Search papers, labs, and topics across Lattice.
This paper introduces a lightweight multimodal reasoning framework for clinical scene understanding, addressing limitations of current VLMs in temporal reasoning and structured output generation for robotics. The framework combines the Qwen2.5-VL-3B-Instruct model with a SmolAgent-based orchestration layer to enable chain-of-thought reasoning, speech-vision fusion, and dynamic tool invocation for generating structured scene graphs. Evaluations on Video-MME and a custom clinical dataset demonstrate competitive accuracy and improved robustness compared to existing VLMs, highlighting potential for applications like robot-assisted surgery.
Clinical robots get a brain boost: a lightweight multimodal agent uses structured scene graphs and interpretable retrieval to outmaneuver larger VLMs in complex healthcare scenarios.

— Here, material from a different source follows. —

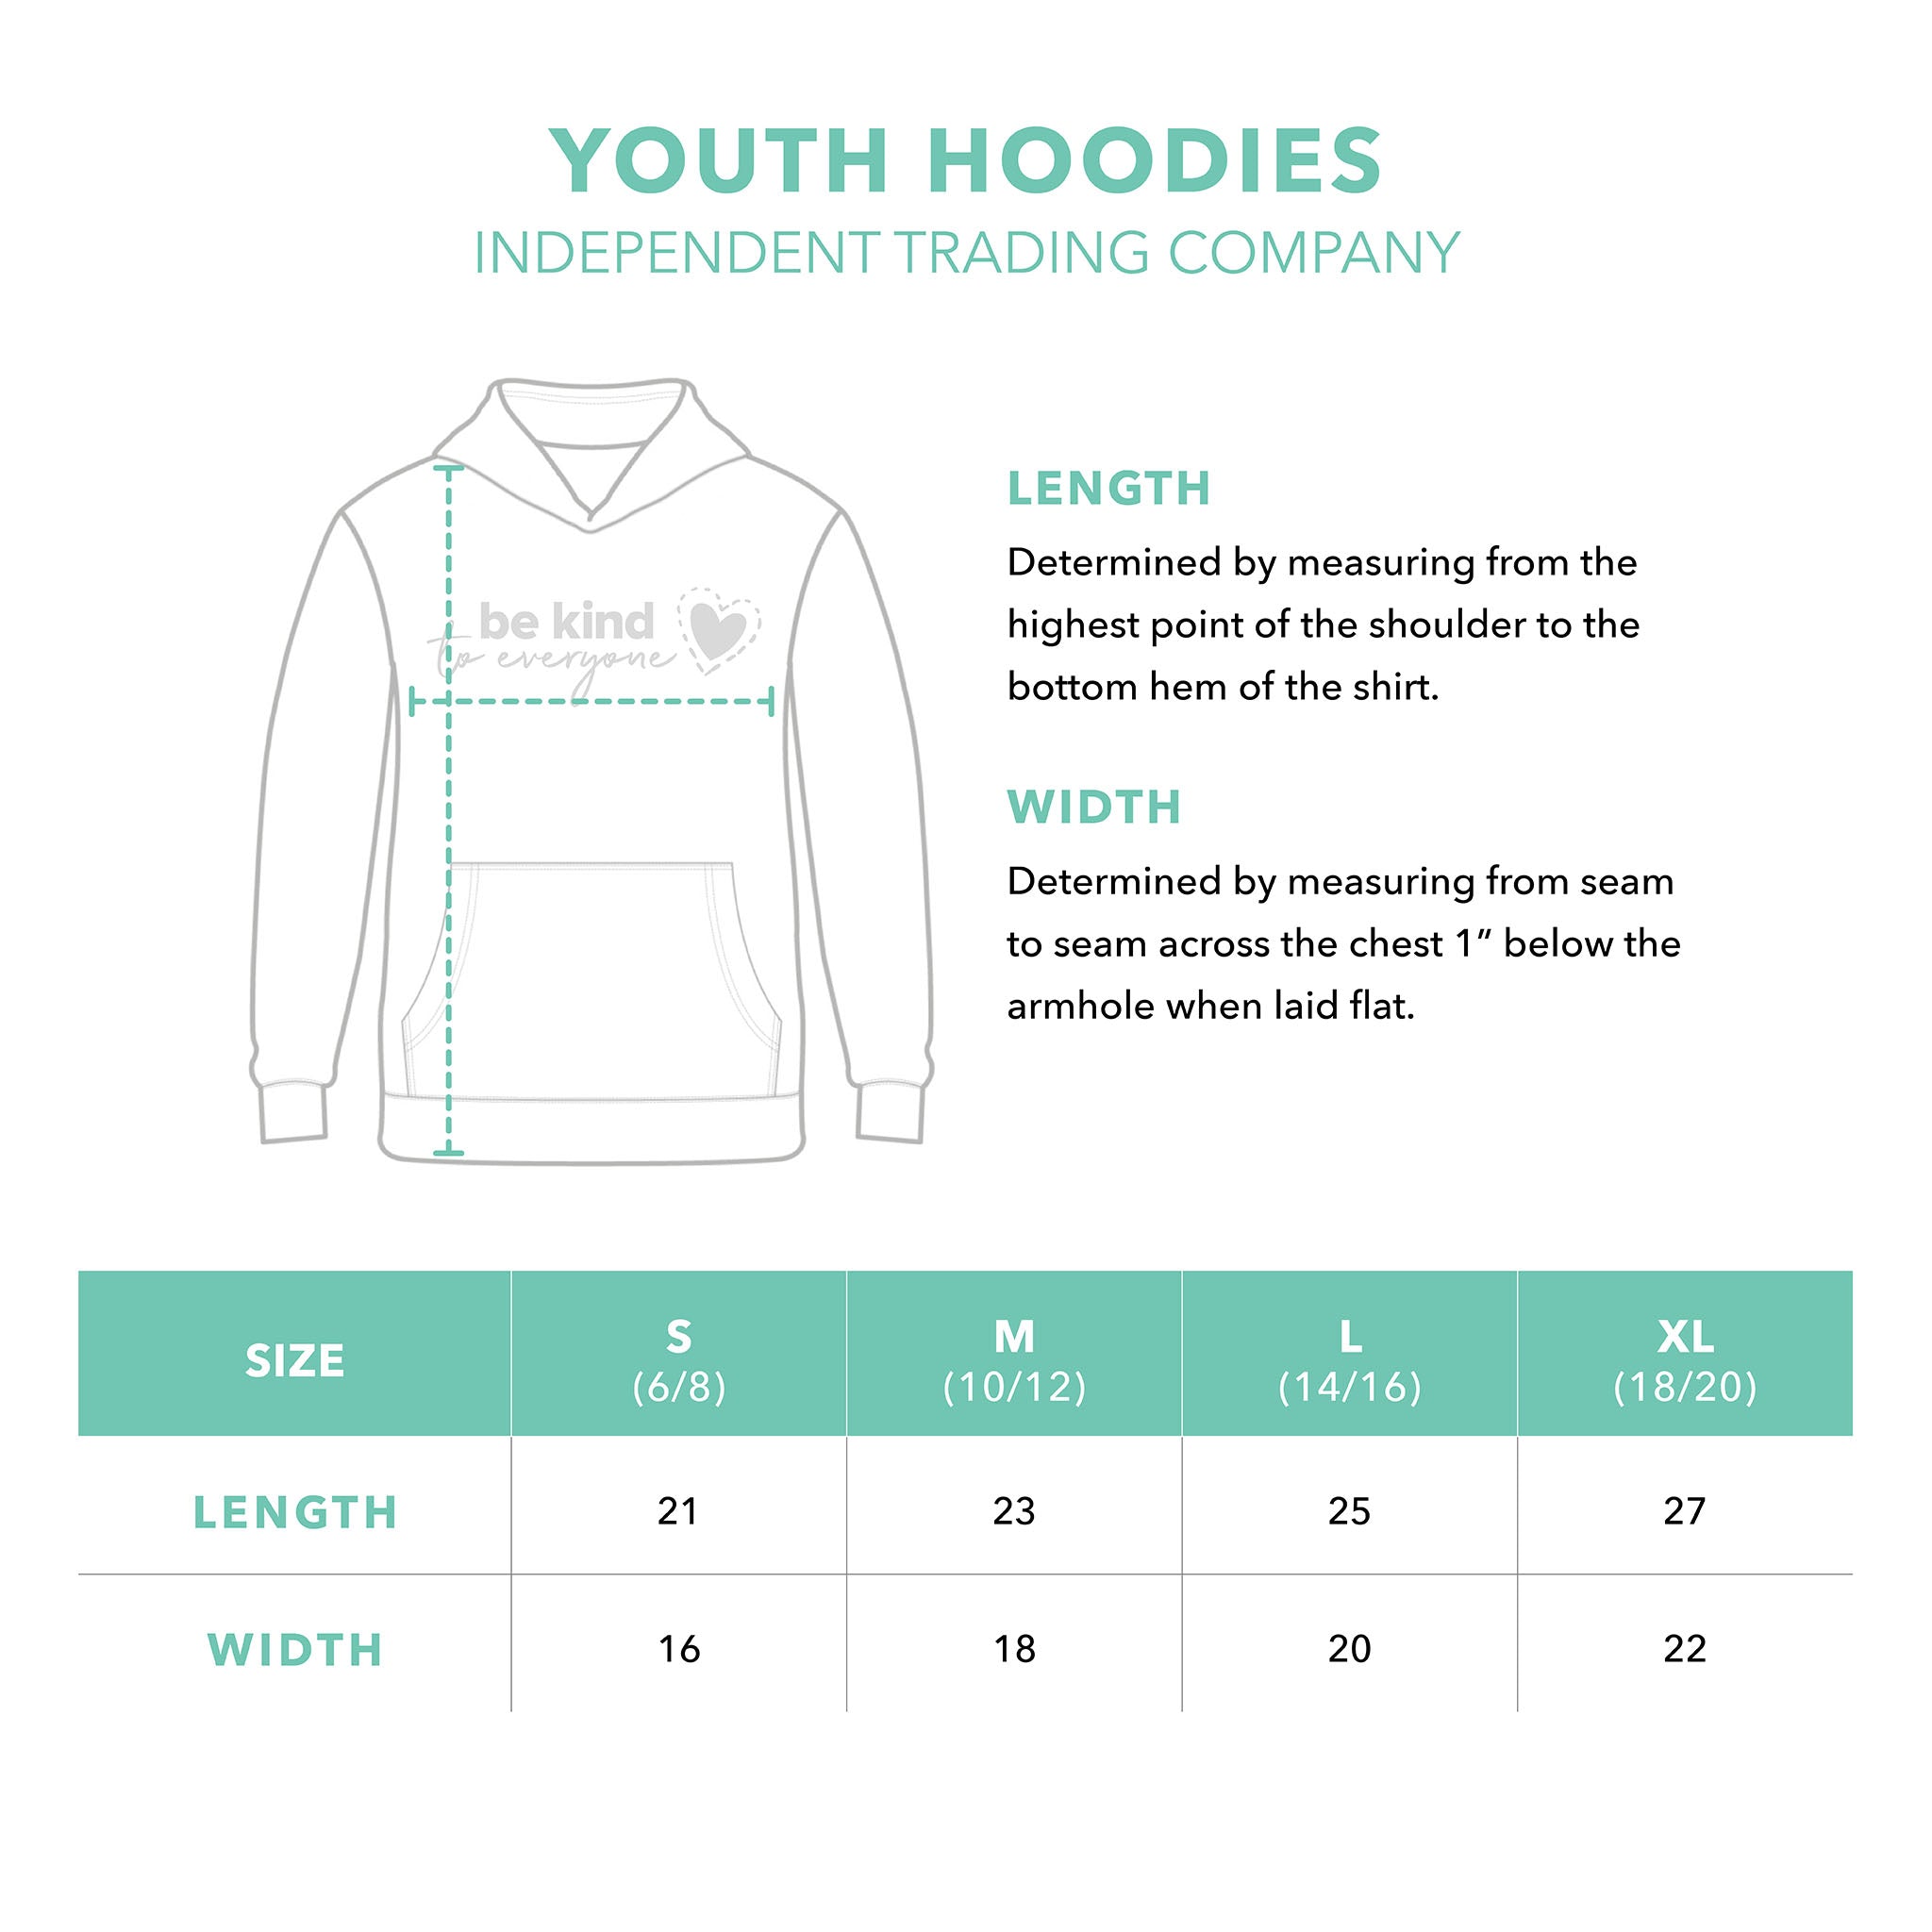 Youth Hoodie Sizing Guide

Healthcare robotics requires robust multimodal perception and reasoning to ensure safety in dynamic clinical environments. Current Vision-Language Models (VLMs) demonstrate strong general-purpose capabilities but remain limited in temporal reasoning, uncertainty estimation, and structured outputs needed for robotic planning. We present a lightweight agentic multimodal framework for video-based scene understanding. Combining the Qwen2.5-VL-3B-Instruct model with a SmolAgent-based orchestration layer, it supports chain-of-thought reasoning, speech-vision fusion, and dynamic tool invocation. The framework generates structured scene graphs and leverages a hybrid retrieval module for interpretable and adaptive reasoning. Evaluations on the Video-MME benchmark and a custom clinical dataset show competitive accuracy and improved robustness compared to state-of-the-art VLMs, demonstrating its potential for applications in robot-assisted surgery, patient monitoring, and decision support.